Tag Archives: Ads

Private Ads Prediction with DP-SGD

Ad technology providers widely use machine learning (ML) models to predict and present users with the most relevant ads, and to measure the effectiveness of those ads. With increasing focus on online privacy, there’s an opportunity to identify ML algorithms that have better privacy-utility trade-offs. Differential privacy (DP) has emerged as a popular framework for developing ML algorithms responsibly with provable privacy guarantees. It has been extensively studied in the privacy literature, deployed in industrial applications and employed by the U.S. Census. Intuitively, the DP framework enables ML models to learn population-wide properties, while protecting user-level information.

When training ML models, algorithms take a dataset as their input and produce a trained model as their output. Stochastic gradient descent (SGD) is a commonly used non-private training algorithm that computes the average gradient from a random subset of examples (called a mini-batch), and uses it to indicate the direction towards which the model should move to fit that mini-batch. The most widely used DP training algorithm in deep learning is an extension of SGD called DP stochastic gradient descent (DP-SGD).

DP-SGD includes two additional steps: 1) before averaging, the gradient of each example is norm-clipped if the L2 norm of the gradient exceeds a predefined threshold; and 2) Gaussian noise is added to the average gradient before updating the model.

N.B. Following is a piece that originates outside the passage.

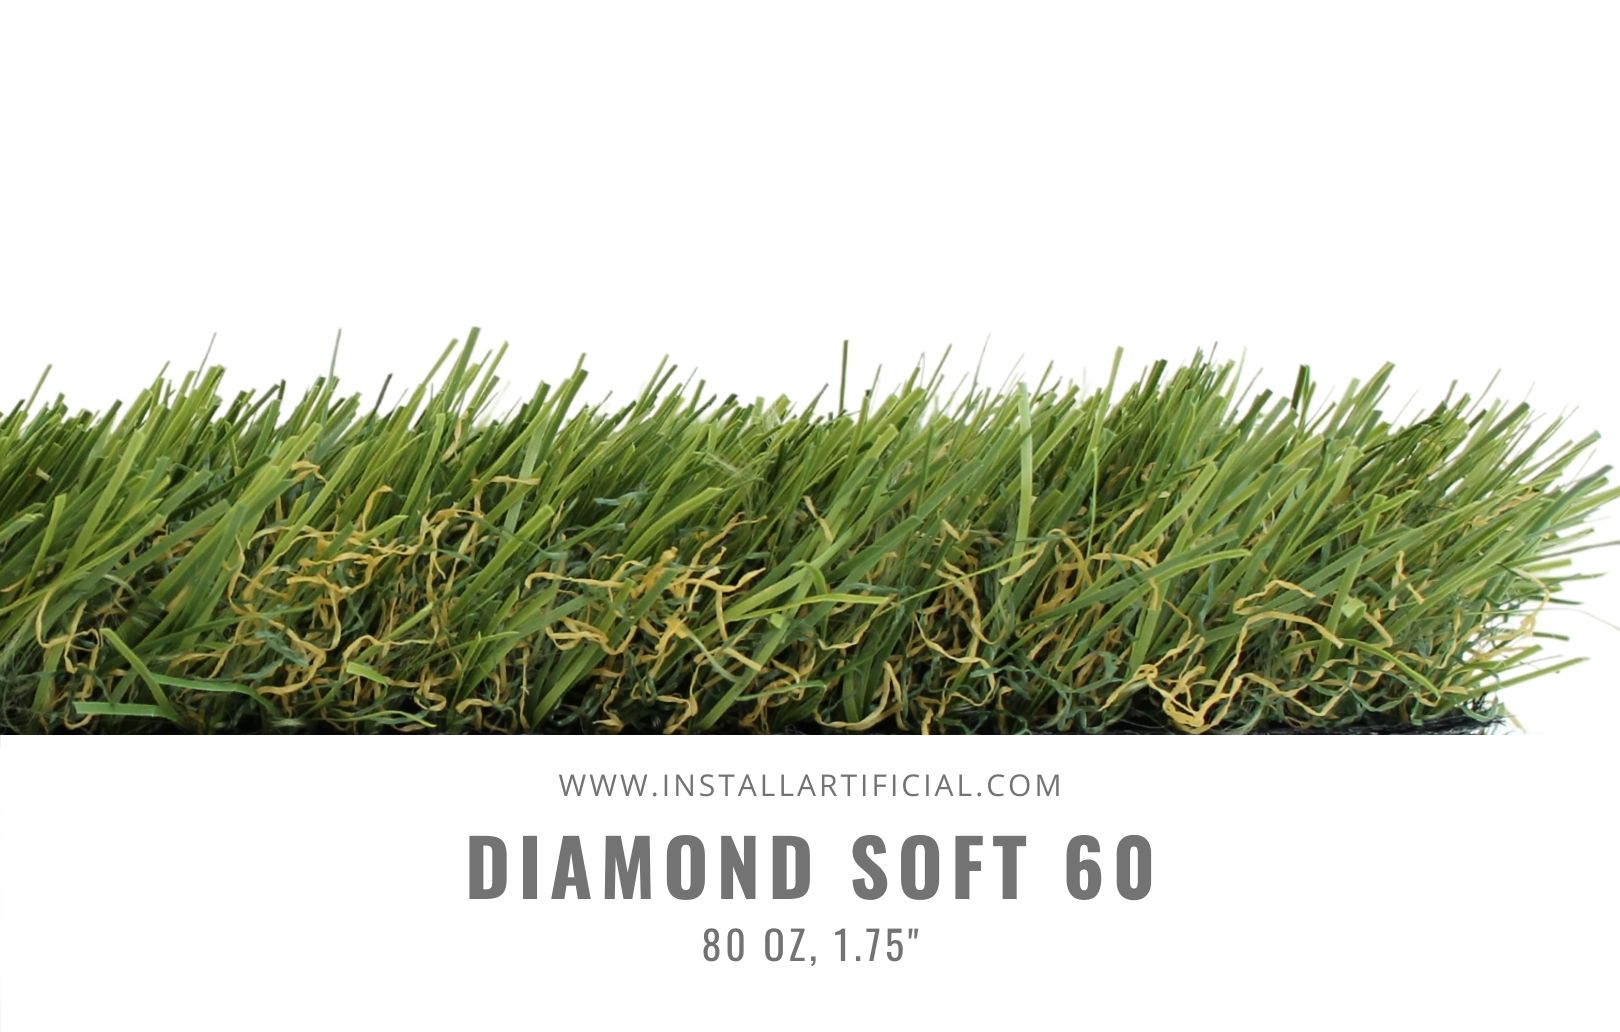 Diamond Soft 60, Smart Turf, side

DP-SGD can be adapted to any existing deep learning pipeline with minimal changes by replacing the optimizer, such as SGD or Adam, with their DP variants. However, applying DP-SGD in practice could lead to a significant loss of model utility (i.e., accuracy) with large computational overheads. As a result, various research attempts to apply DP-SGD training on more practical, large-scale deep learning problems. Recent studies have also shown promising DP training results on computer vision and natural language processing problems.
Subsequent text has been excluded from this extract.